Diversity no longer just ‘nice to have’

by Elizabeth Barnard05 Jul 2012

Ensuring a work-life balance and seeking diverse talent is no longer exclusively the domain of HR – for the most forward-thinking and successful organisations, the issue is nothing short of a critical business imperative firmly on the boardroom agenda.

At a forum of HR, workplace relations and business executives hosted in Canberra this week by the Diversity Council of Australia (DCA), Workplace Relations Minister Bill Shorten told a packed room that smart employers are leveraging diversity for increased productivity.

“Smart employers know that attracting and retaining talent from all sections of the community including people with a disability, Indigenous Australians, mature-age workers and people from non-English speaking backgrounds, as well as offering family-friendly working arrangements, will enable them to reap the benefits of higher staff engagement and lower turnover,” Shorten said. He added that these key hiring decisions must be driven by innovative leaders at all levels of organisations.

The right to request flexible working in the Fair Work Act and clauses for EBAs to assist employers who wish to offer flexible working arrangements are examples of how diversity and workplace relations concerns can intersect to benefit employers and employees alike, Nareen Young from DCA also commented.

Shorten commended Australian employers who recognised the benefits of employing a diverse workforce and urged those lagging to embrace diversity in their organisational culture. “As the economy continues to change so too does the identity of the workforce and yet we know that prejudices exist in Australia. Ultimately, there is a clear business case for employing a diverse workforce and if we want our economy and businesses to continue to grow, we have to maximise the potential of those who are willing and able to work,” he said.

The way in which the current workplace laws aid diversity outcomes was also discussed, and the positive practical impacts the Fair Work Act has had on workplace flexibility was noted.“[Employers] understand that flexibility will continue to be an important issue for employees and therefore key for them in relation to employee attraction, engagement and retention,” Dianne Banks, from law firm Gilbert + Tobin said.


  • by Shane Higgins 5/07/2012 3:15:58 PM

    A diverse workforce is a healthy workforce and smart, forward thinking employers worked this out some time ago. In the meantime we have companies saying we can't find workers, largely due to the fact that they are still looking where they have always looked, still doing what they have always done to recruit and retain workers.

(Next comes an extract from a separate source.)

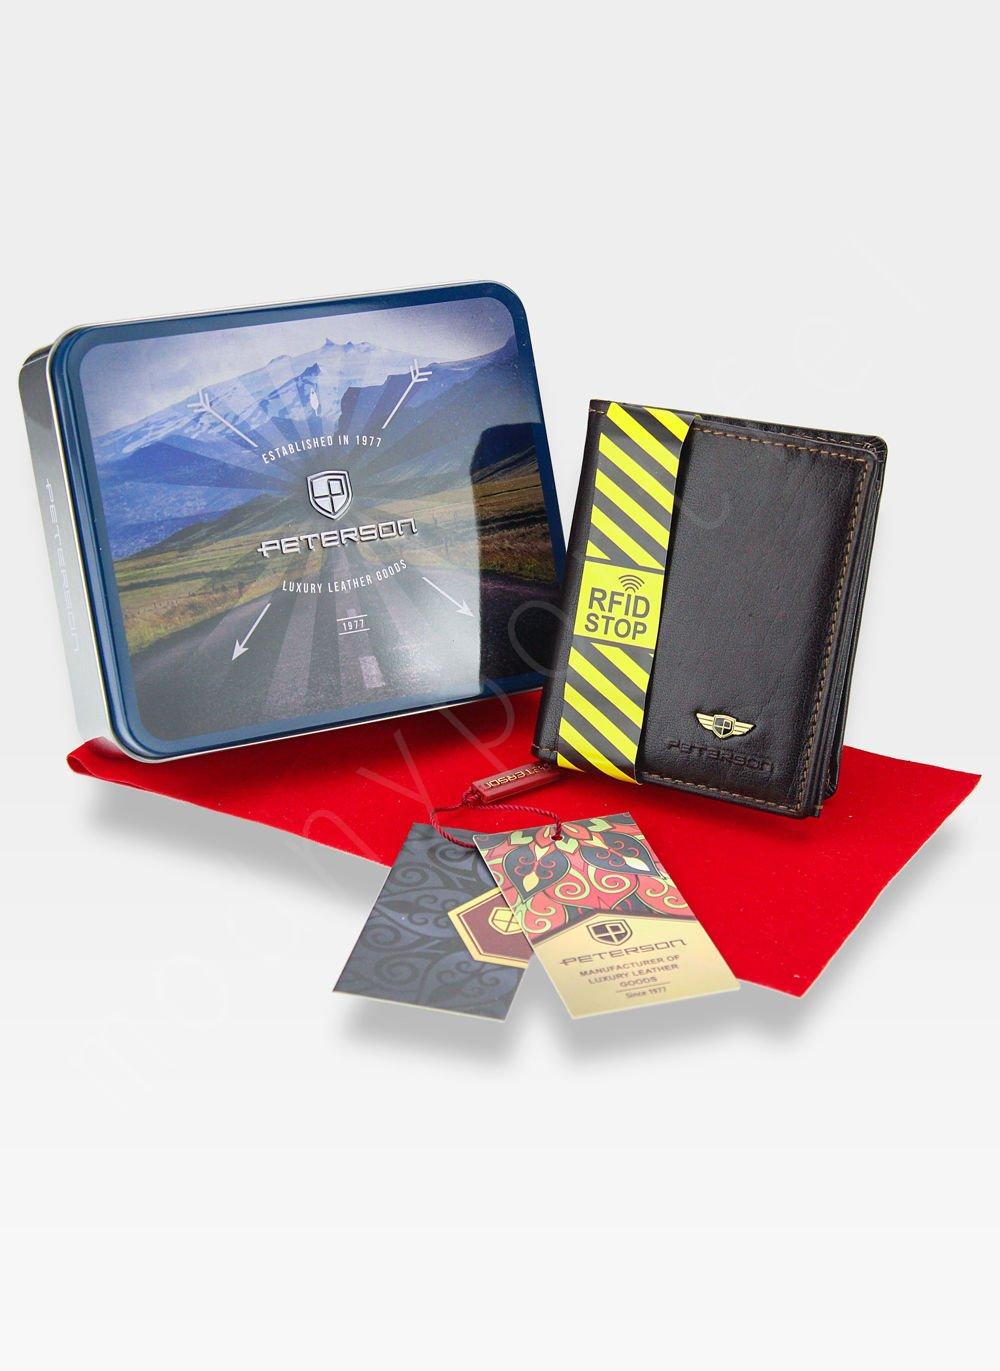 d25110a7d481b0 Kompaktowy Portfel Męski Skórzany Peterson Ciemny Brąz 365 RFID STOP  Kliknij, aby powiększyć ...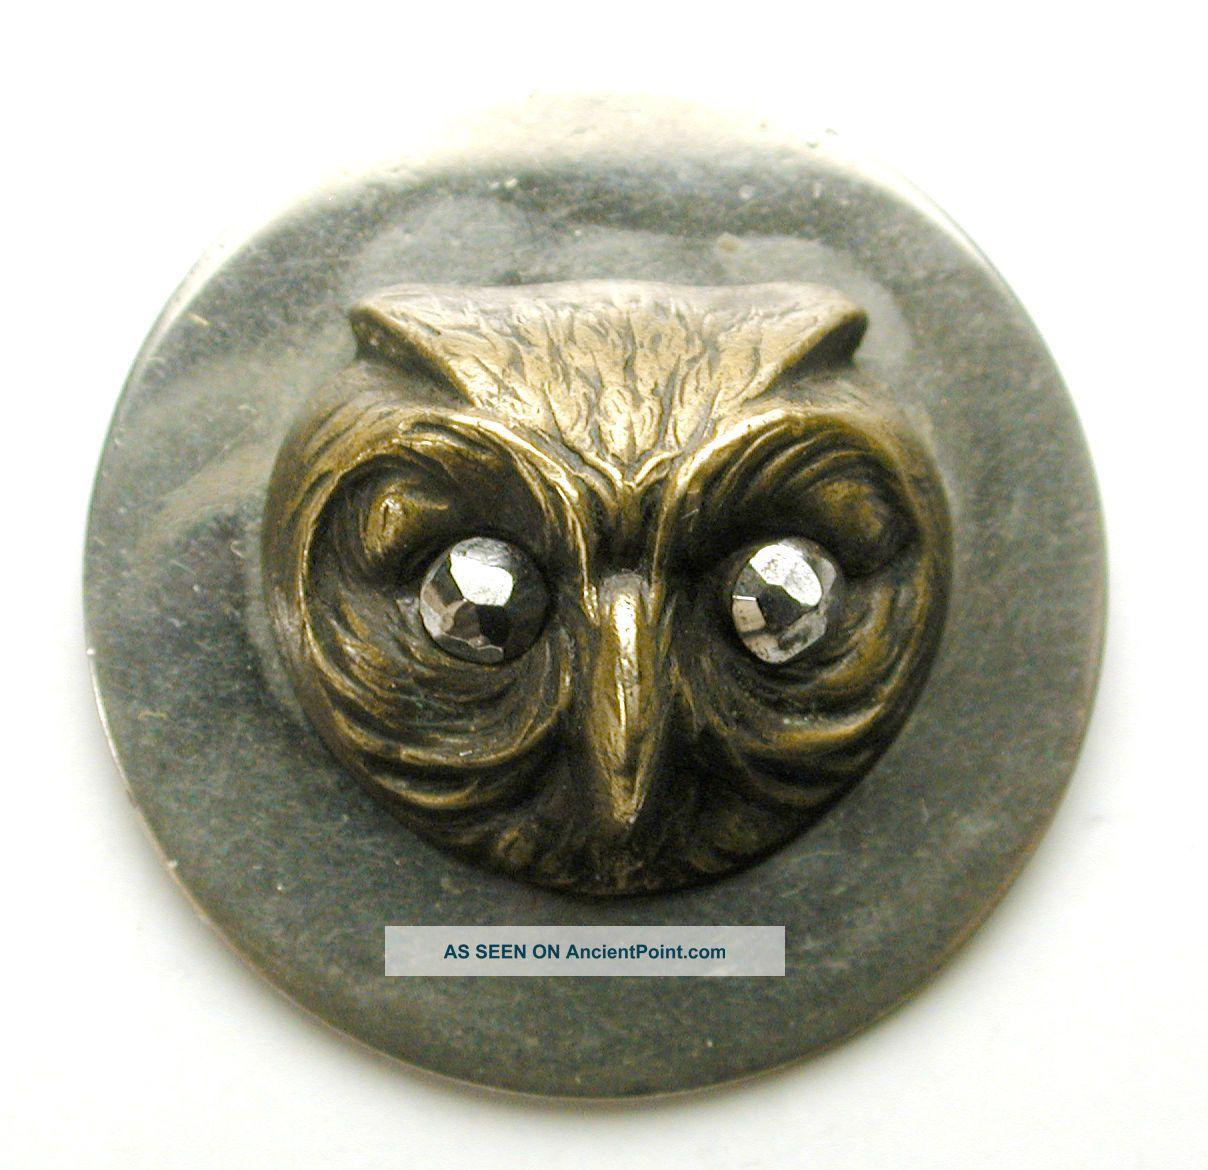 Med Sz Antique Brass On Steel Disc Button Owl Head W/ Cut Steel Eyes - 15/16

They haven't yet worked out that those times are gone. At www.olderworkers.com.au we have over 18,000 registered jobseekers over the age of 45 looking for work. They have a huge range of skills and attributes that make them good employees including life skills, mentoring, problem solving and even basics like reliability. Companies that aren't including older workers, indigenous, disabled and culturally and linguistically diverse people in the mix of applicants are not giving themselves the opportunity to find the best employee.

    There is no doubt that flexibility will impact enormously on an organisation's ability to find workers. Companies that don't offer appropriate flexibility in the challenging environment of skill and labour shortages will always struggle to find good workers.

  • by Malcolm King 5/07/2012 6:05:01 PM

    Shane is 100 per cent right. Diversity is important but flexibility for older workers to drive corporate and national productivity will be mandatory.

    Currently there are no allowances in the Fair Work Act to allow older workers to work in mixed modes. That will change. The time will also come when the EBAs change to recognise the wants and needs of the transitioning boomer demographic.

  • by Richard Greiner 6/07/2012 2:58:05 PM

    I'm sure sex and gender diverse people were an accidental oversight or were intended to be included under the culturally diverse.

    Diversity is the key to long term survival and growth in just about anything. Monoculture is like putting all one's eggs in one basket, is high risk in the short term and is certain to fail in the long term.

    I once managed a military intelligence cell with not only cultural, age, sex and gender diversity but also psychosocial diversity, i.e. bipolar workers, sufferers of depression, workers with family tragedies, workers with stress and anger difficulties and so on. We bonded so well as a team, produced fantastic work and had sometimes an 'electric' vibe going in the workplace.

    The keys are tolerance, engagement, inclusiveness and preventing dogmatism amongst workers.